# EXERCISE INSTRUCTIONS:
Your task is to copy the lines from the line containing "Elegantly Done Nails" through the end of the listing below, both included, without any pictures.

# SOURCE MATERIAL:
————

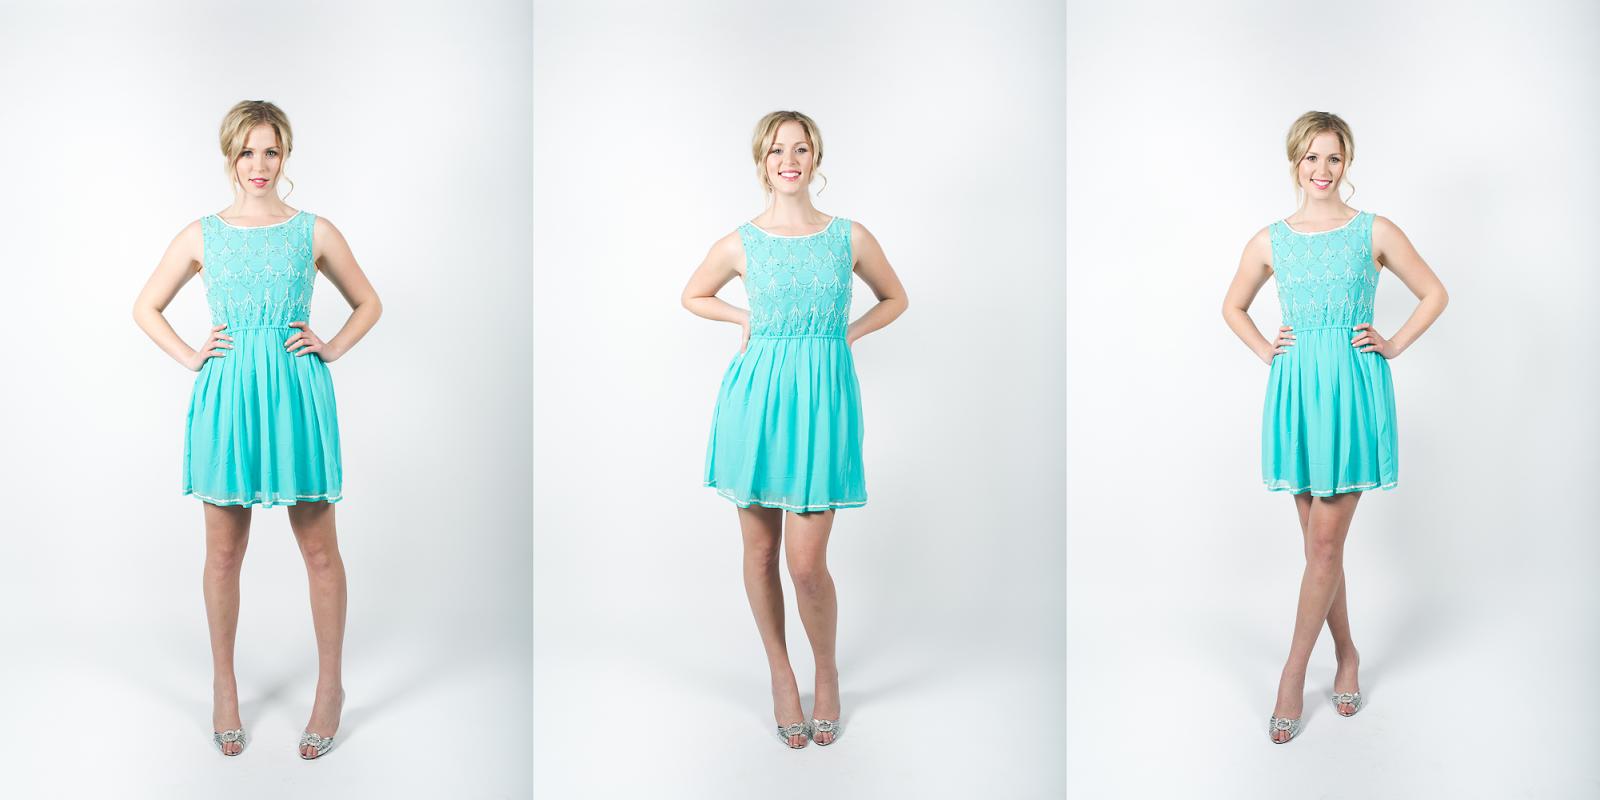 TRENDY PROM FORMAL DRESSES PLUSH BOUTIQUE SEMI-FORMAL
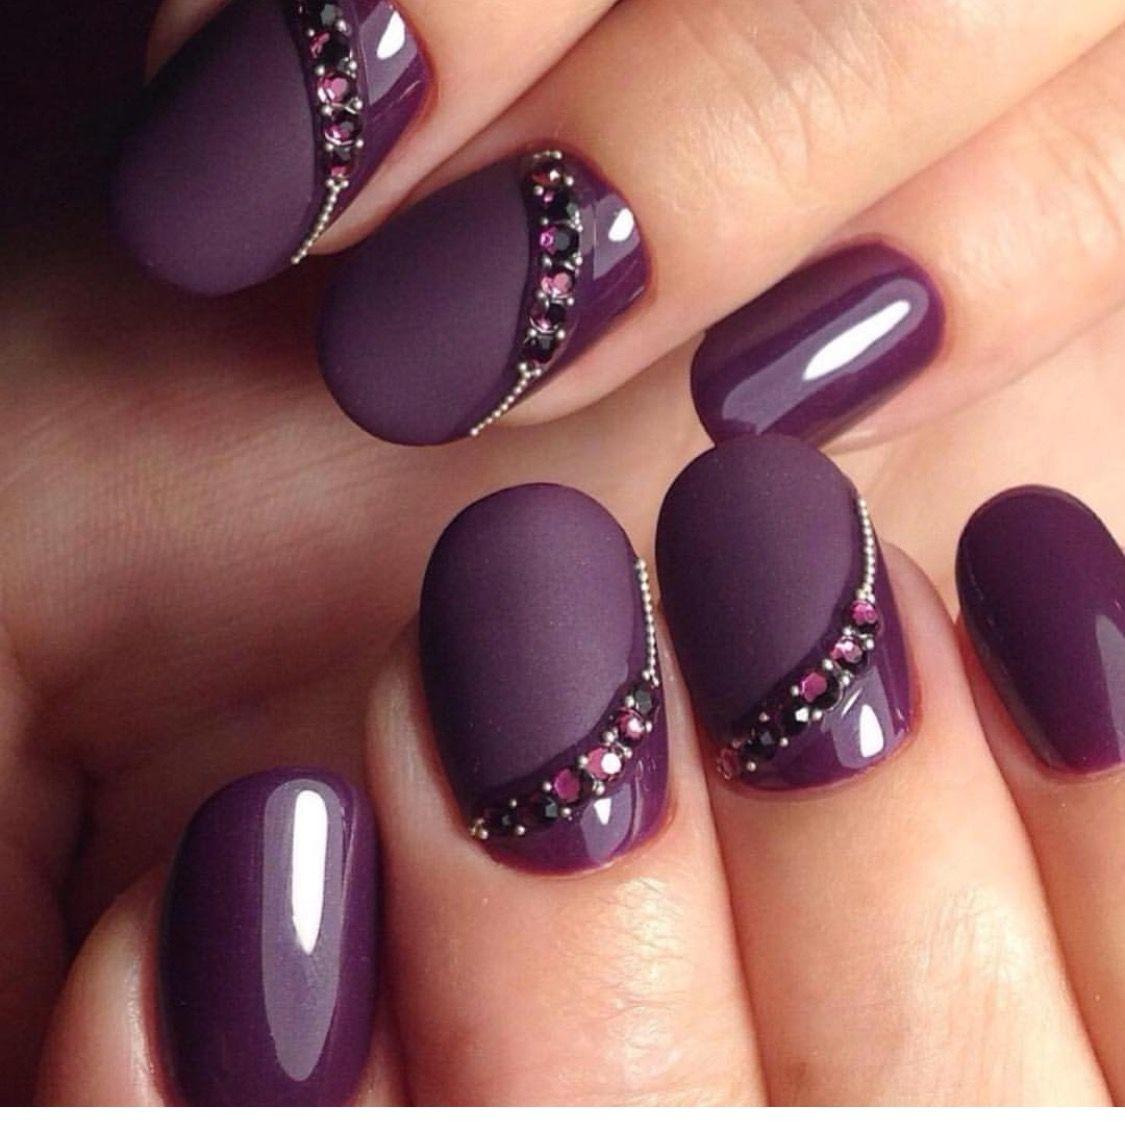 Elegantly Done Nails Love The Subtle Sophistication Fialove Nehty Barva Nehtu Nehty Na Nohou
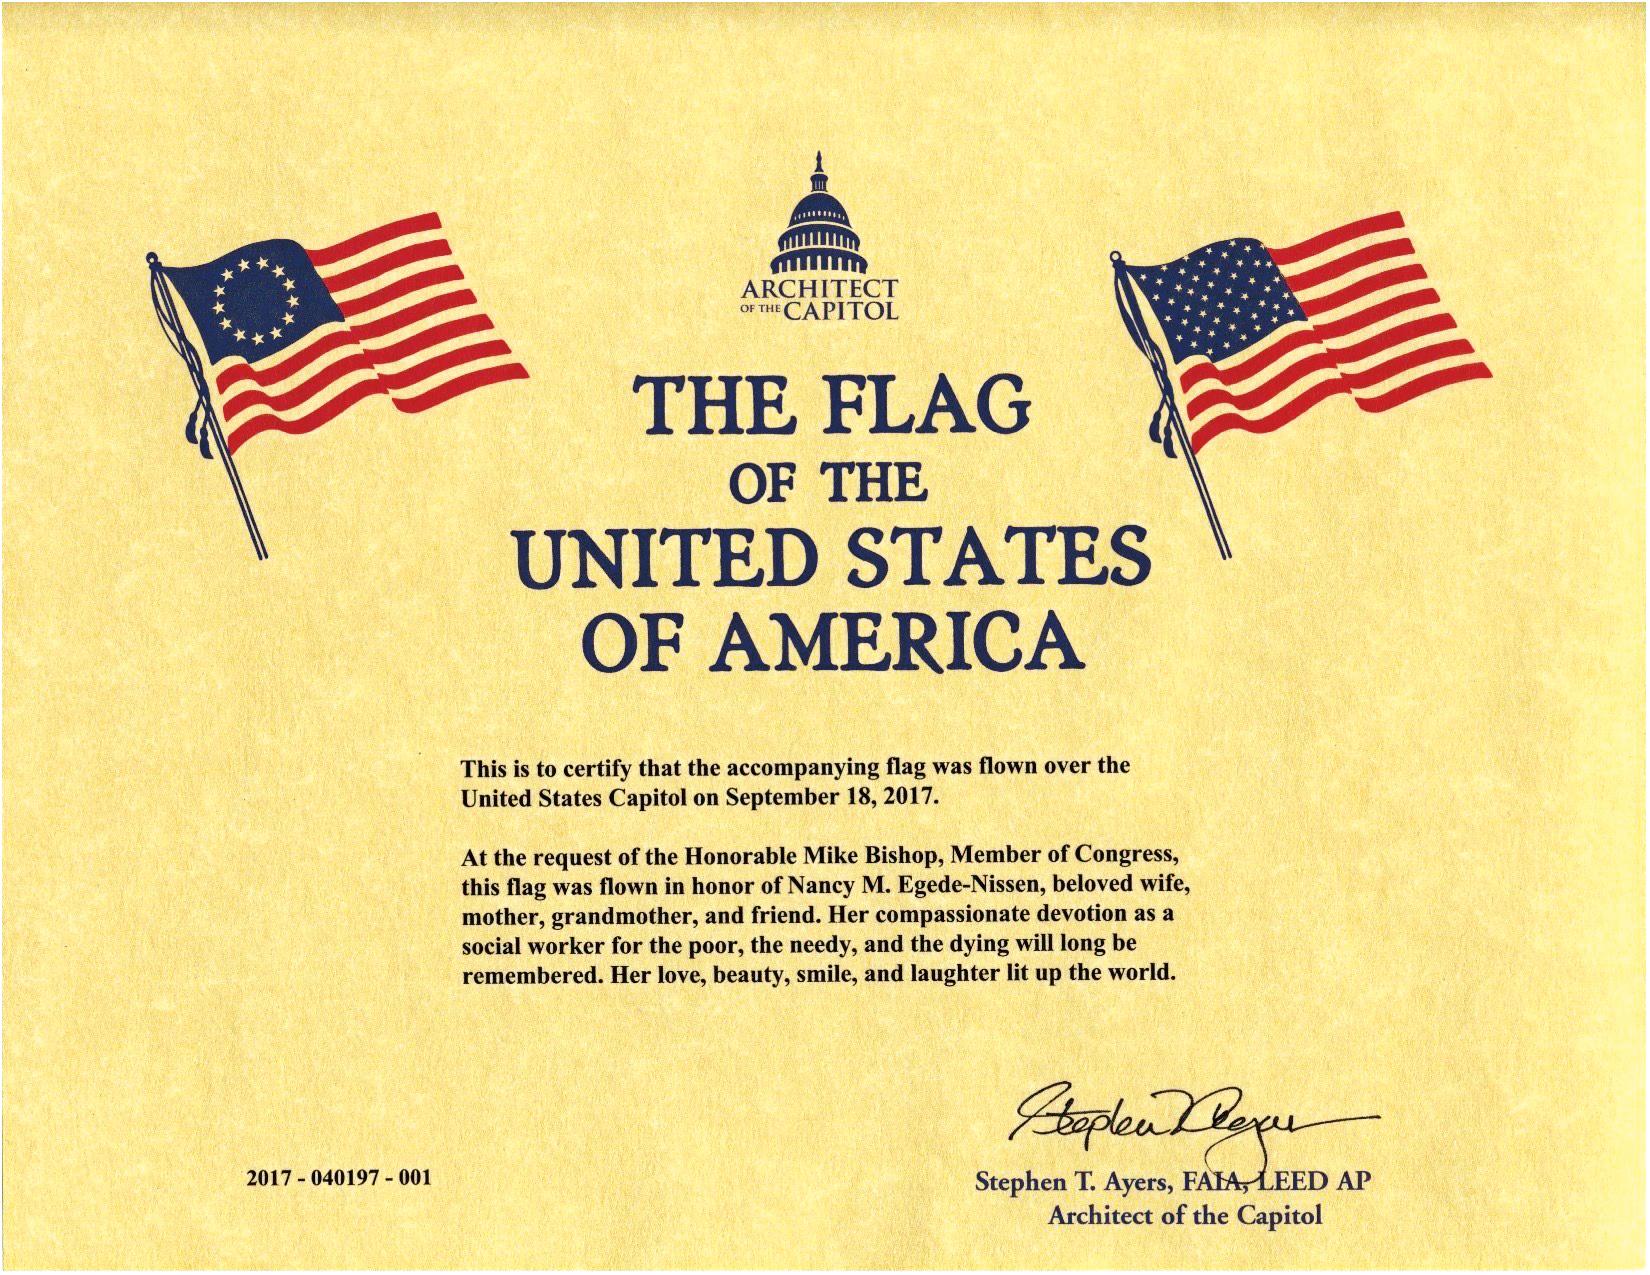 On September 18, 2017, a flag was flown over the U.S. Capitol in memory of Nancy Egede-Nissen, wife of Lars Egede-Nissen '58.
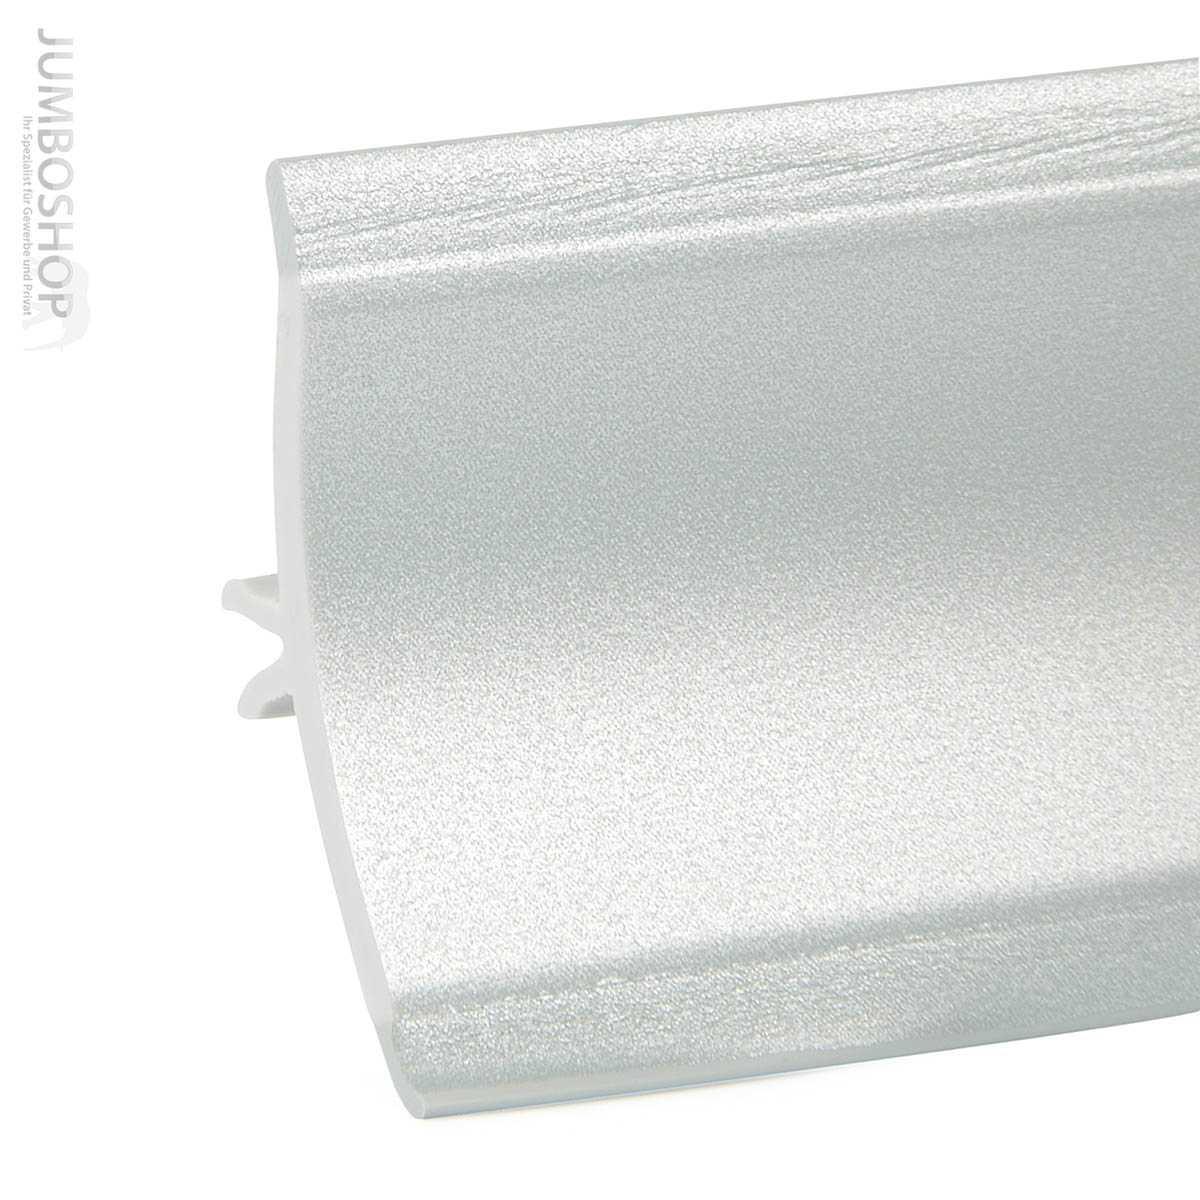 Wandabschlussleiste Küche Alu | Abschlussleiste Kuche Arbeitsplatte Kuchenleiste Aluminium

————

# RESPONSE FOR THIS EXERCISE:
 Elegantly Done Nails Love The Subtle Sophistication Fialove Nehty Barva Nehtu Nehty Na Nohou
 On September 18, 2017, a flag was flown over the U.S. Capitol in memory of Nancy Egede-Nissen, wife of Lars Egede-Nissen '58.
 Wandabschlussleiste Küche Alu | Abschlussleiste Kuche Arbeitsplatte Kuchenleiste Aluminium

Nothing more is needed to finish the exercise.